WHAT TO PRODUCE |
A verbatim transcription of the listing below is required, without its pictures.

DATA SEGMENT |
+ + + +
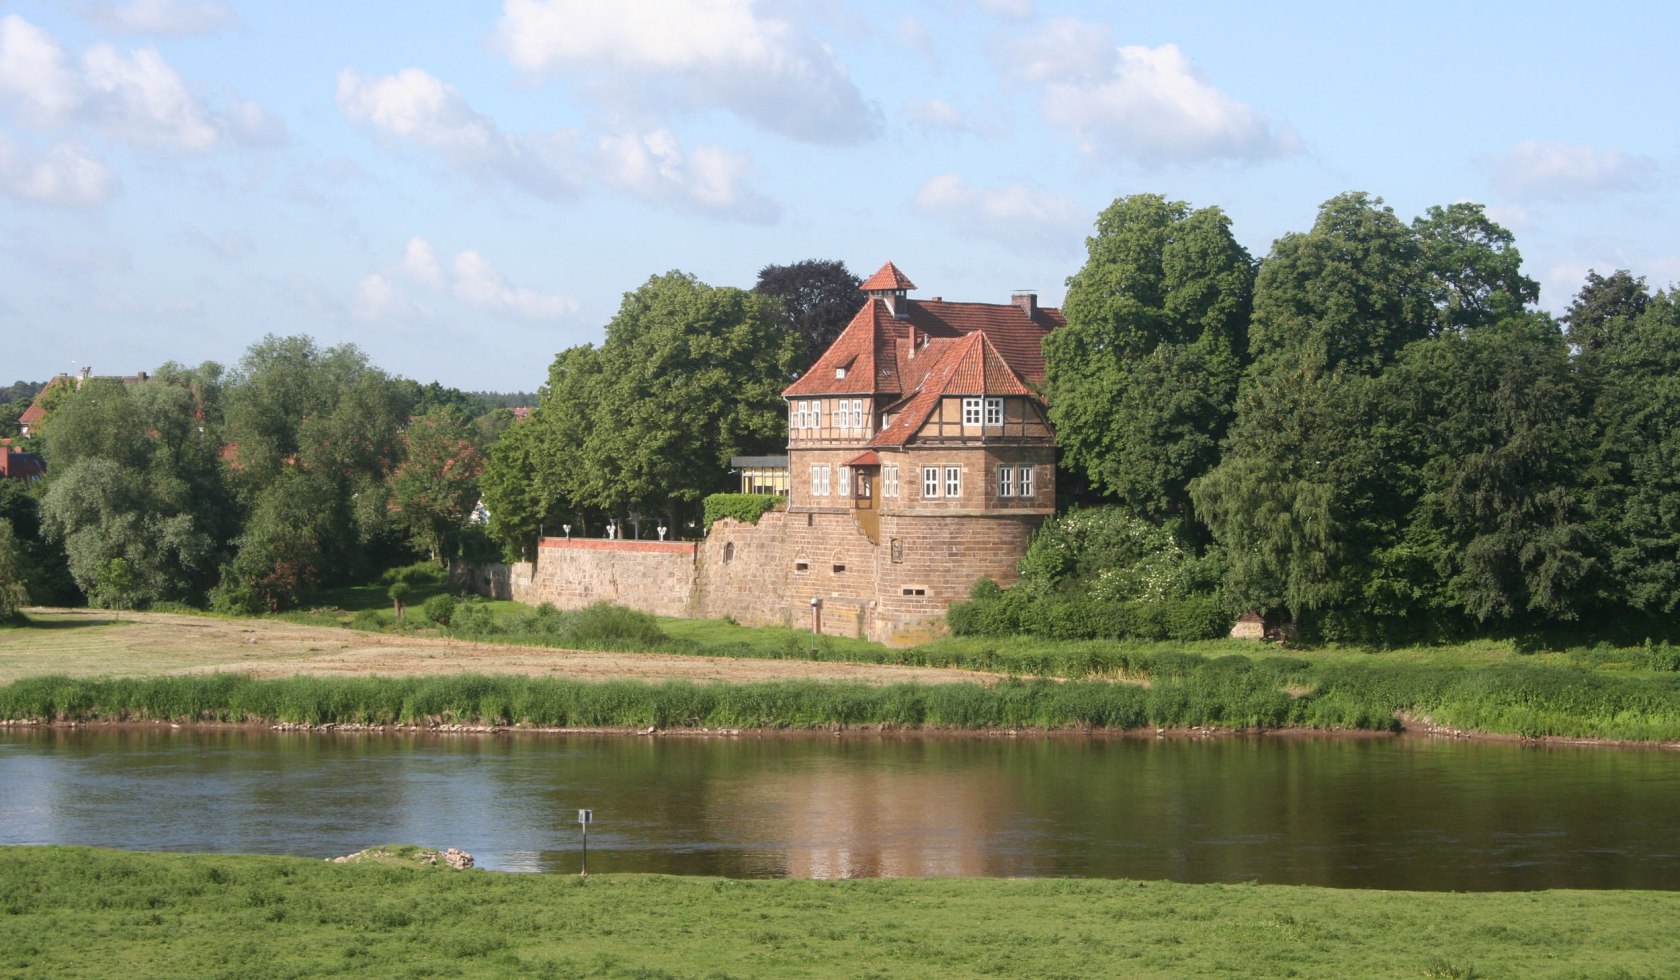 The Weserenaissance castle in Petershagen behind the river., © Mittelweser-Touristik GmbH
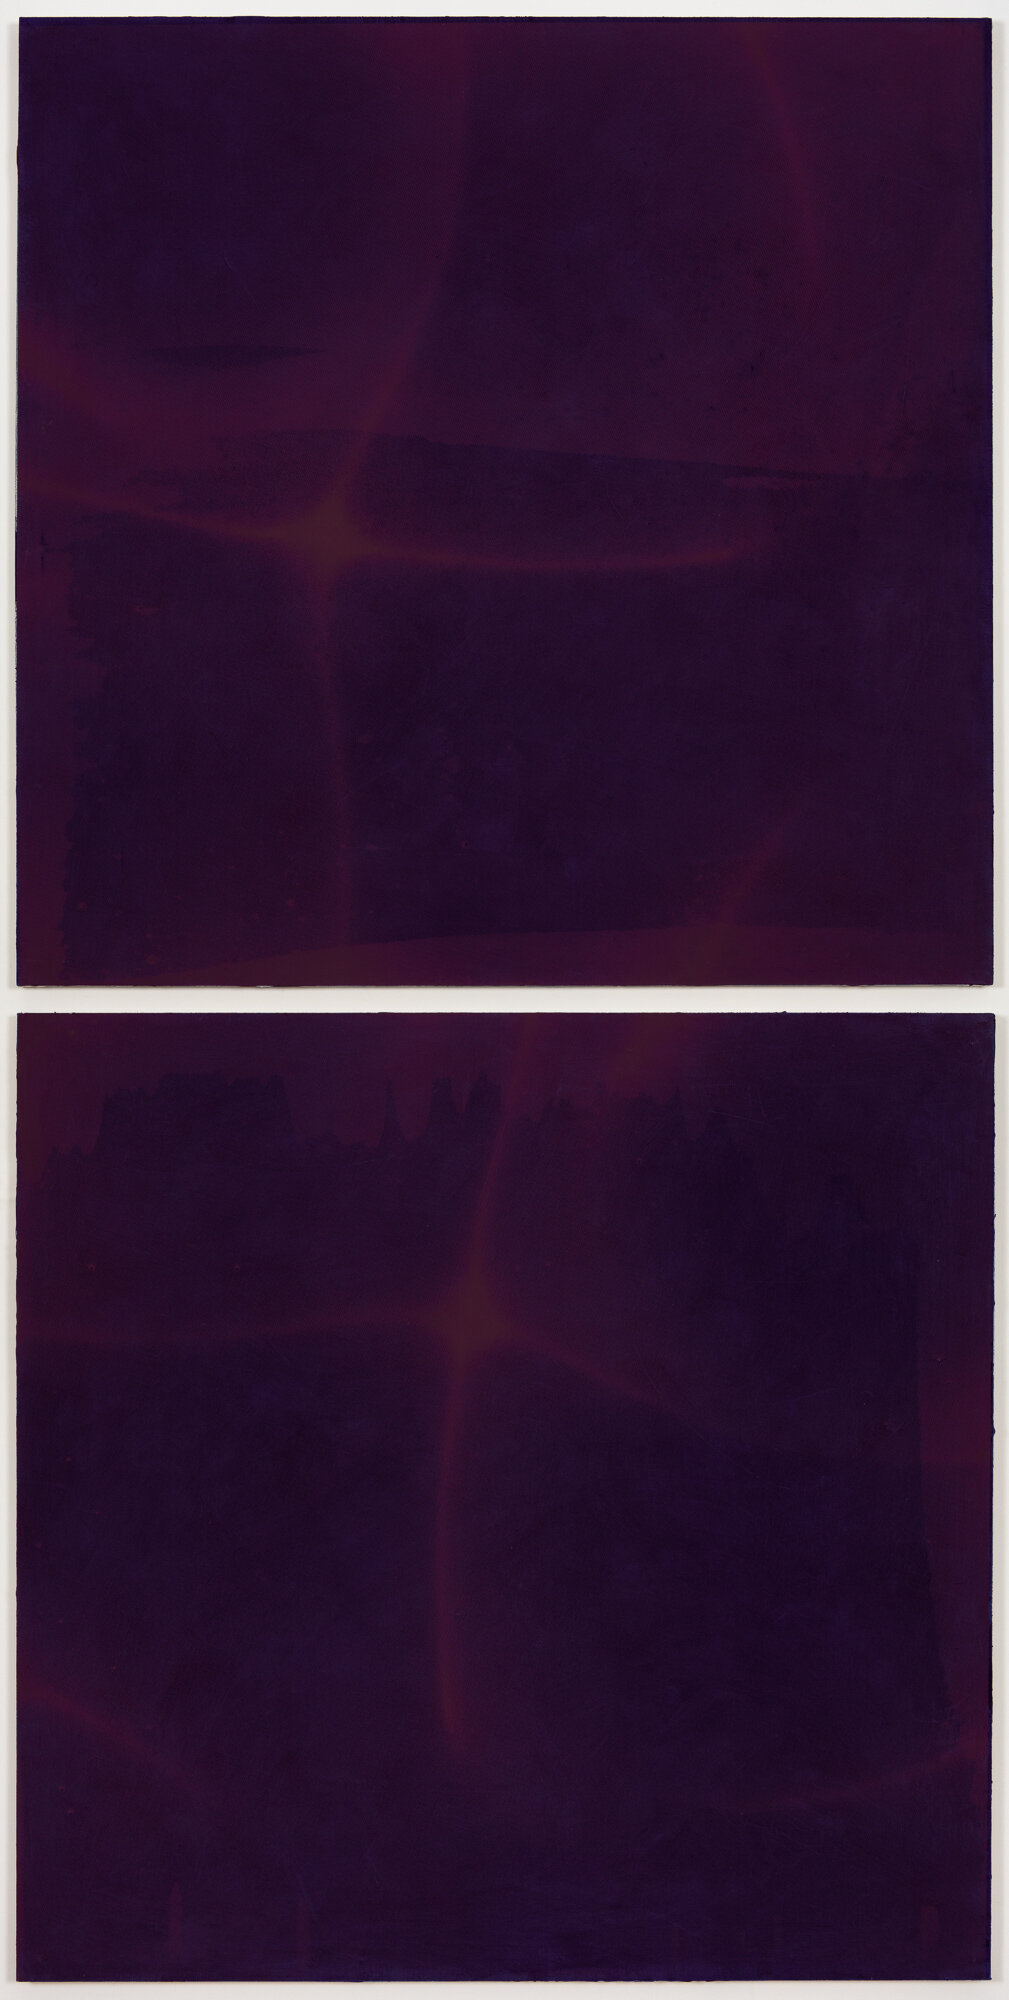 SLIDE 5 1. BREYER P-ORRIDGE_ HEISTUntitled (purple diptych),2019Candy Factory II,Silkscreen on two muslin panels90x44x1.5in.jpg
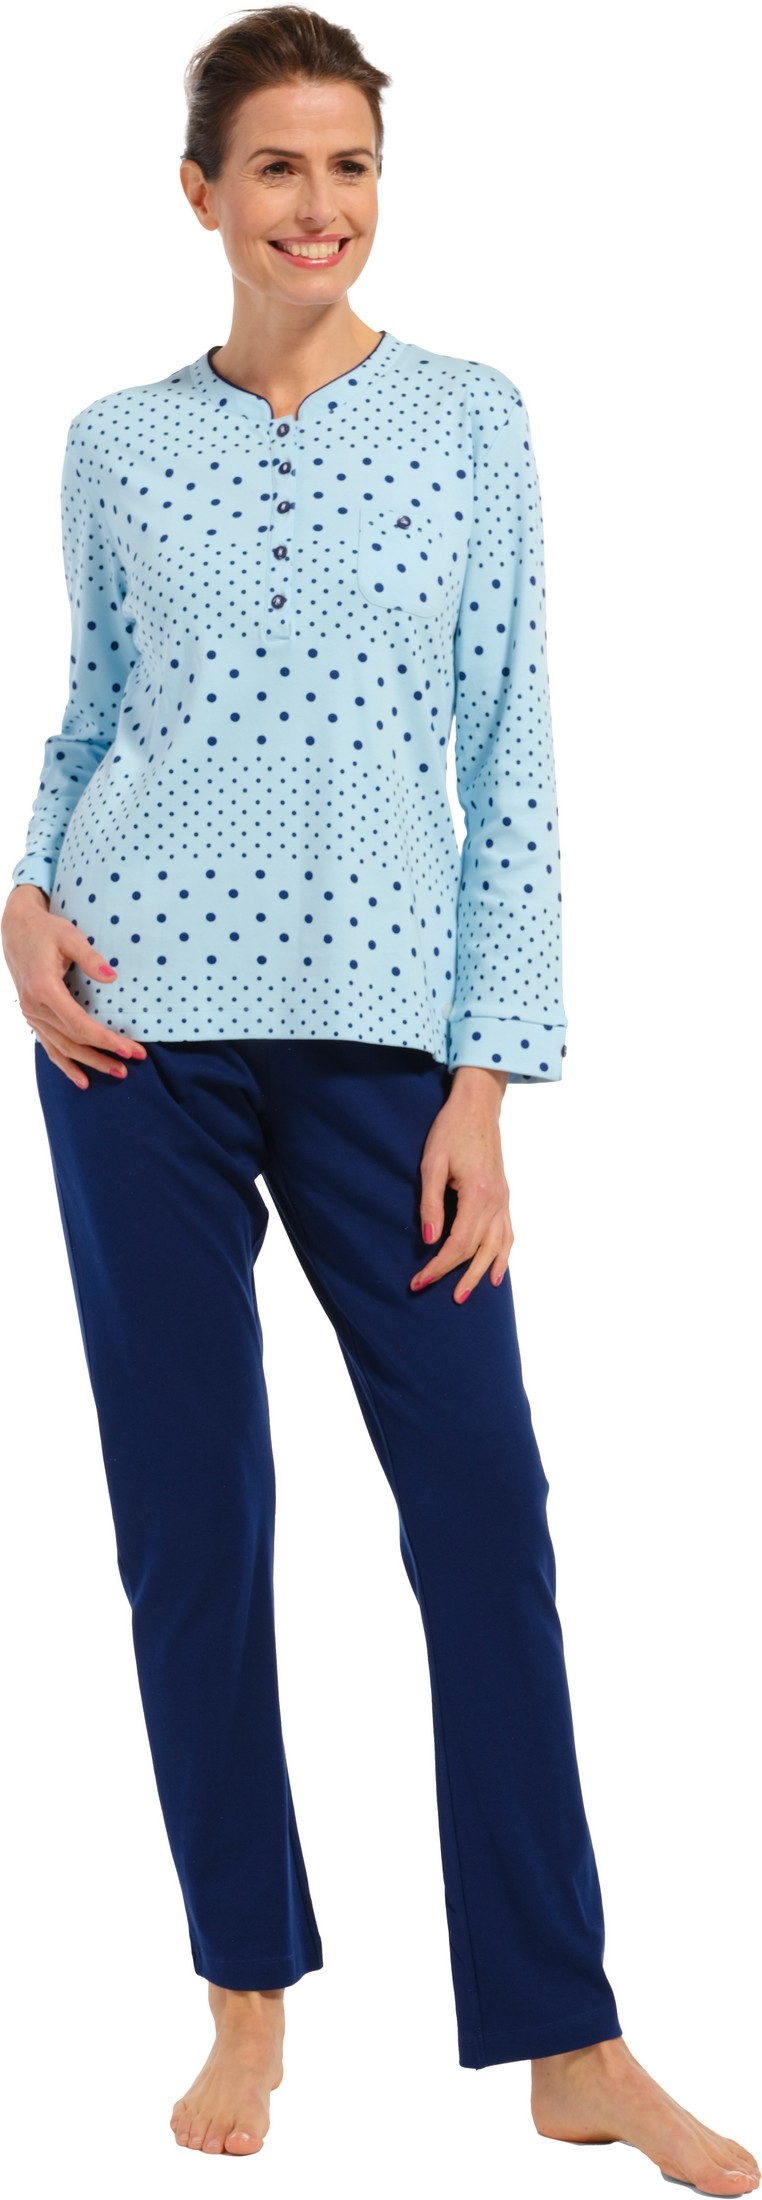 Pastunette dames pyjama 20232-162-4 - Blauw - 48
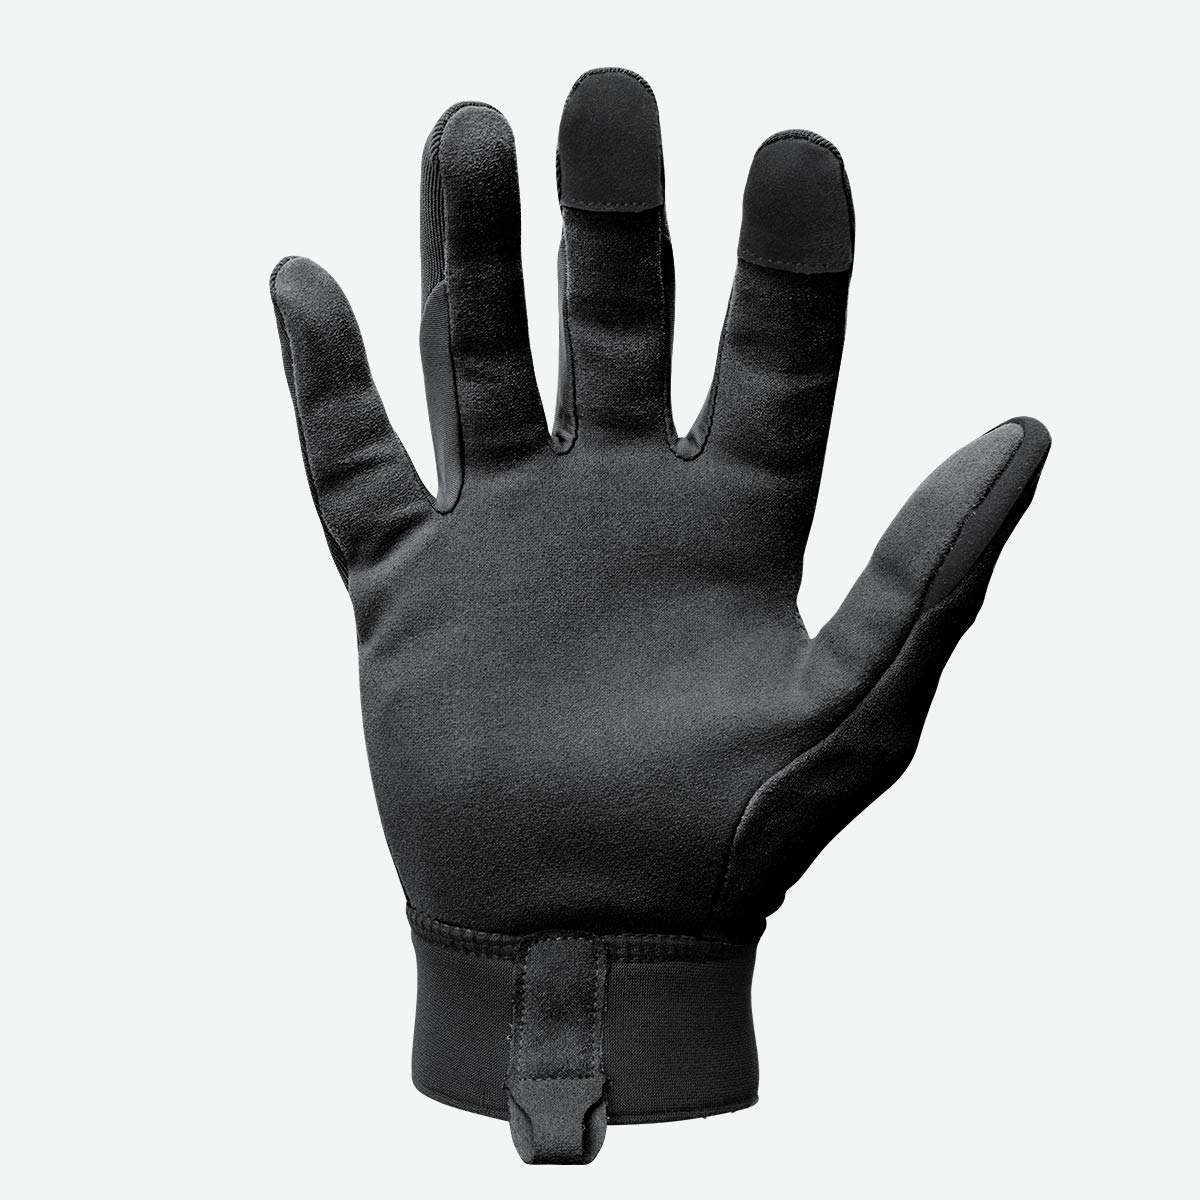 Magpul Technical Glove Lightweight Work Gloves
+ + + +
WRITTEN REPLY |
 The Weserenaissance castle in Petershagen behind the river., © Mittelweser-Touristik GmbH
 SLIDE 5 1. BREYER P-ORRIDGE_ HEISTUntitled (purple diptych),2019Candy Factory II,Silkscreen on two muslin panels90x44x1.5in.jpg
 Pastunette dames pyjama 20232-162-4 - Blauw - 48
 Magpul Technical Glove Lightweight Work Gloves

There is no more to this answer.